Eu gosto da crítica de Gunther Stent a idéia de que o desarrallo é um processo teleonômico ou programado. Ele faz uma analogia com o processo de sucessão ecológica:
"[As sucessões ecológicas] são fenômenos regulares, no sentido de que uma estrutura ecológica mais ou mais menos previsível surge através de um padrão estereotipado de etapas intermediárias, em que as abundâncias relativas dos vários tipos de flora e de fauna seguem uma seqüência bem definida. A regularidade destes fenômenos não é obviamente a conseqüência de um programa ecológico codificado no genoma dos táxons envolvidos. Ao invés, ele surge através de uma cascata histórica de interações estocásticas complexas entre as várias biotas (nas quais os genes desempenham um papel importante, naturalmente) e o mundo como tal. (STENT, G. S. Strength and weakness of the genetic approach to the development of the nervous system. Annual Review of Neuroscience, v.4, p.163-94. 1981. , p. 81)

A repetição de um processo não é evidência de um programa, um propósito ou um controle central e preexistente. O fato de que uma proteína secretada em um determinado período pela mesoderma encontra sempre outra proteína secretada pela ectderma com a qual interage não é evidência de um programa ou propósito. São relações que acontecem e se conservam contingentemente a cada repetição do processo ontogenético.

Sanders dijo...

Estupenda la analogía de los ecosistemas!!!

Se trata en parte de desterrar el (dominante) pensamiento teleológico del desarrollo. El desarrollo y el fenotipo, es la consecuencia, y no causa, de que las condiciones se repiten. Cambian las condiciones recurrentes, y cambia el fenotipo conservado.

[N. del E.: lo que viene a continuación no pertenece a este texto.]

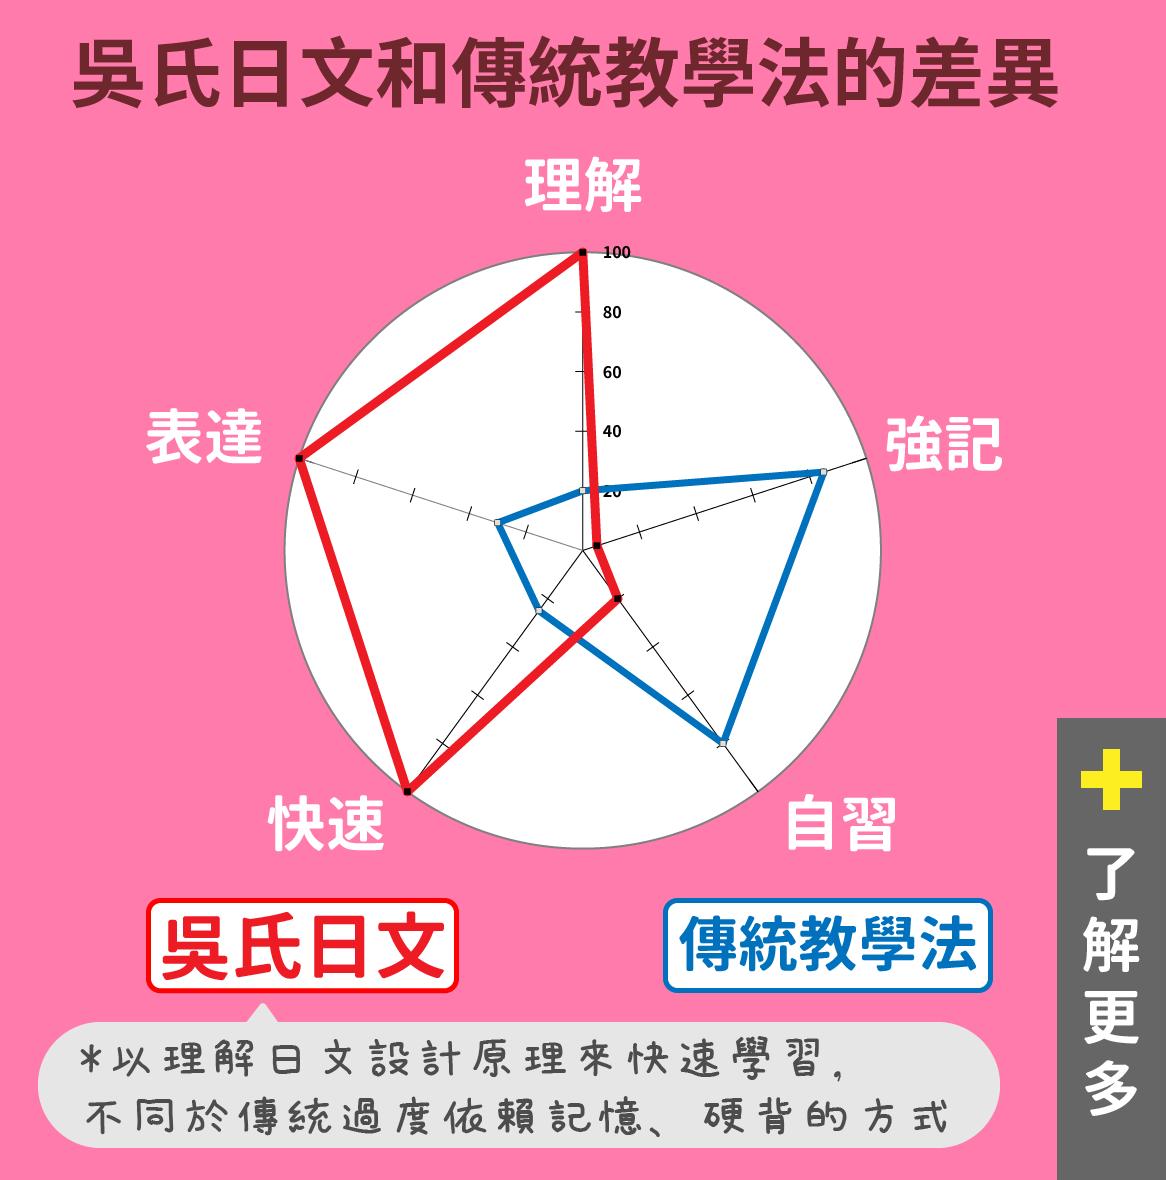 吳氏日文教學方式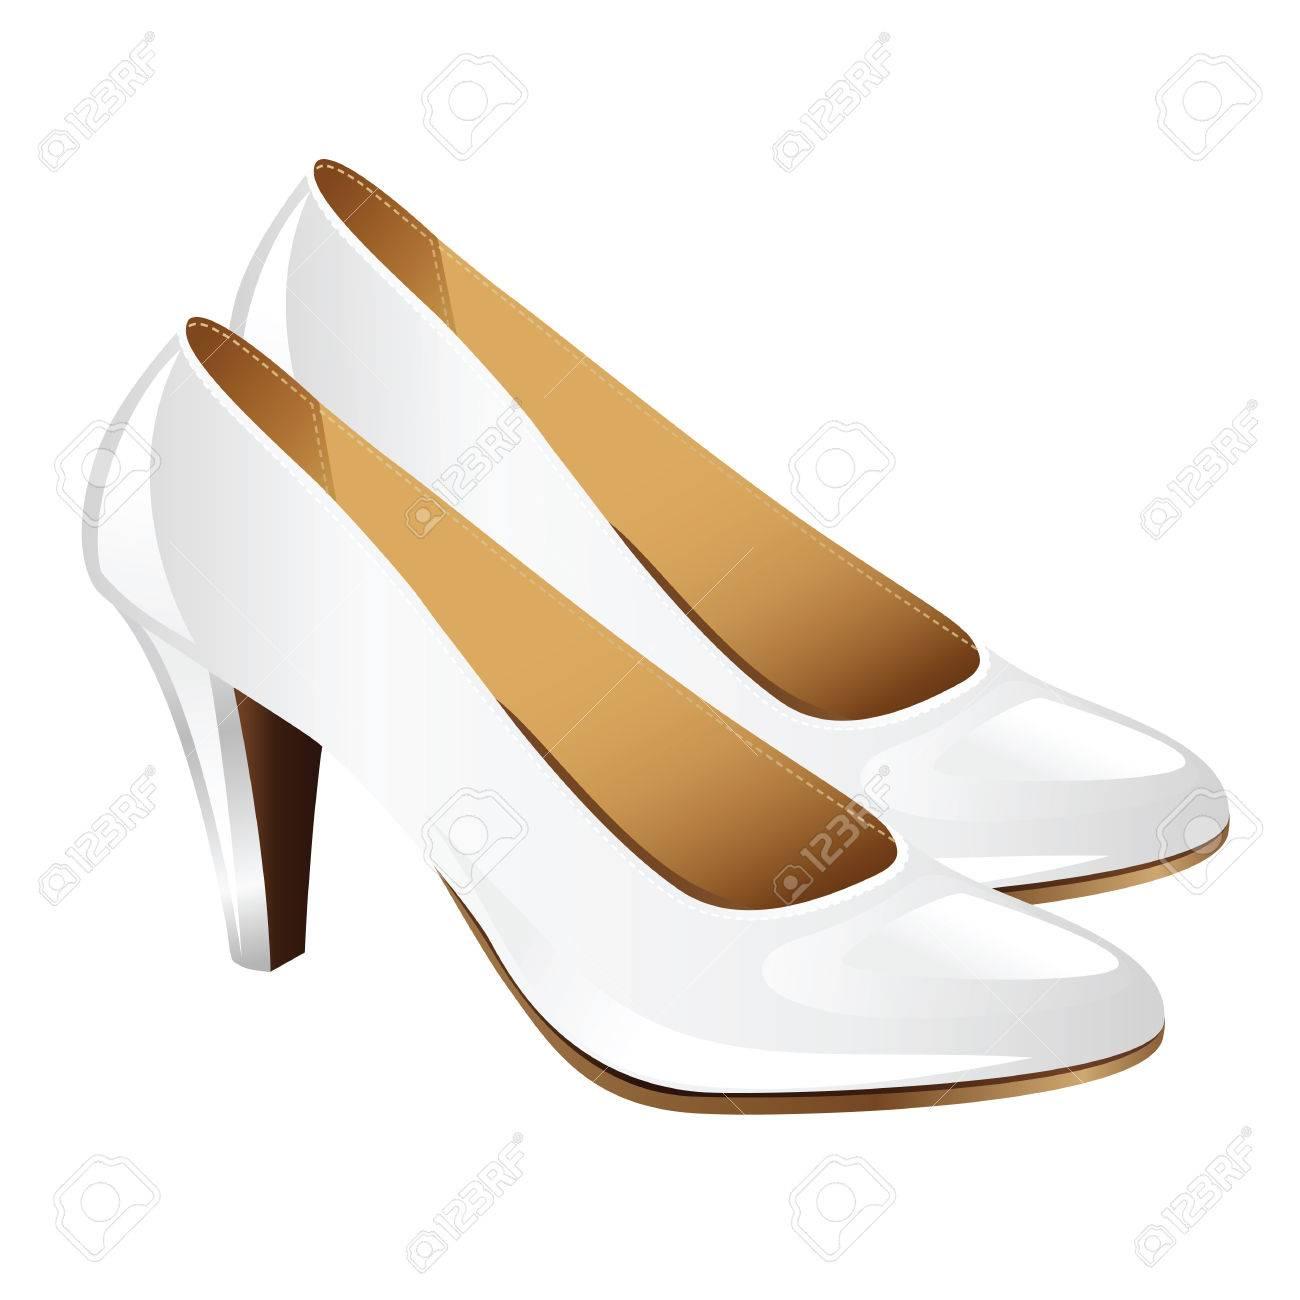 Zapatos de la mujer de la obra clásica sobre el talón del hight. Zapatos de tacón blancos aislados sobre fondo blanco. Elegantes zapatos blancos para

En realidad es el observador el que impone la idea de "programa" sobre cualquier proceso que se repita en una secuencia regular de pasos; pero al igual que el "propósito aparente", la secuencia podría ser otra que la esperada, y el "programa" corresponde a un artefacto cognitivo de tener los cambios esperados. qtalca?

Cristian dijo...

Definitivamente el estudio de las interacciones entre organismos necesita una aproximacion que considere plasticidad, desarrollo y contexto dependencia en "lo adaptativo" o "funcional" que puede resultar una determinada conducta para el observador...
El caso que mencionas de los enjambres es super bueno, por que la "desicion" de donde finalmente se establece la colmena despues del periodo de "swarming" es el resultado de la dinamica que se genera con los viajes de las abejas exploradoras con el resto...

Cristian dijo...

Respecto al asunto de las ecologia de sucesiones-propiedades emergentes, Esta el caso del llamado Skunk cabbage (Symplocarpus foetidus), que es una planta rarisima del hemisferio norte. La inflorecencia se abre paso a travez de la nieve generando calor (30oC). Esta ademas tiene un fuerte olor muy rancio, aparentemente estos dos caracteristicas ocurren por el mismo proceso bioquimico. Un Dr Pangloss cualquiera podria ir y asumir que el generar calor es lo mas adaptativo que hay por que derrite la nieve y atrae a los pocos bichos que hay alrededor..
Bueno, el problema que esta plantita deriva de un grupo de plantas tropicales que hace exactamente lo mismo y donde derretir la nieve no tiene nada que ver...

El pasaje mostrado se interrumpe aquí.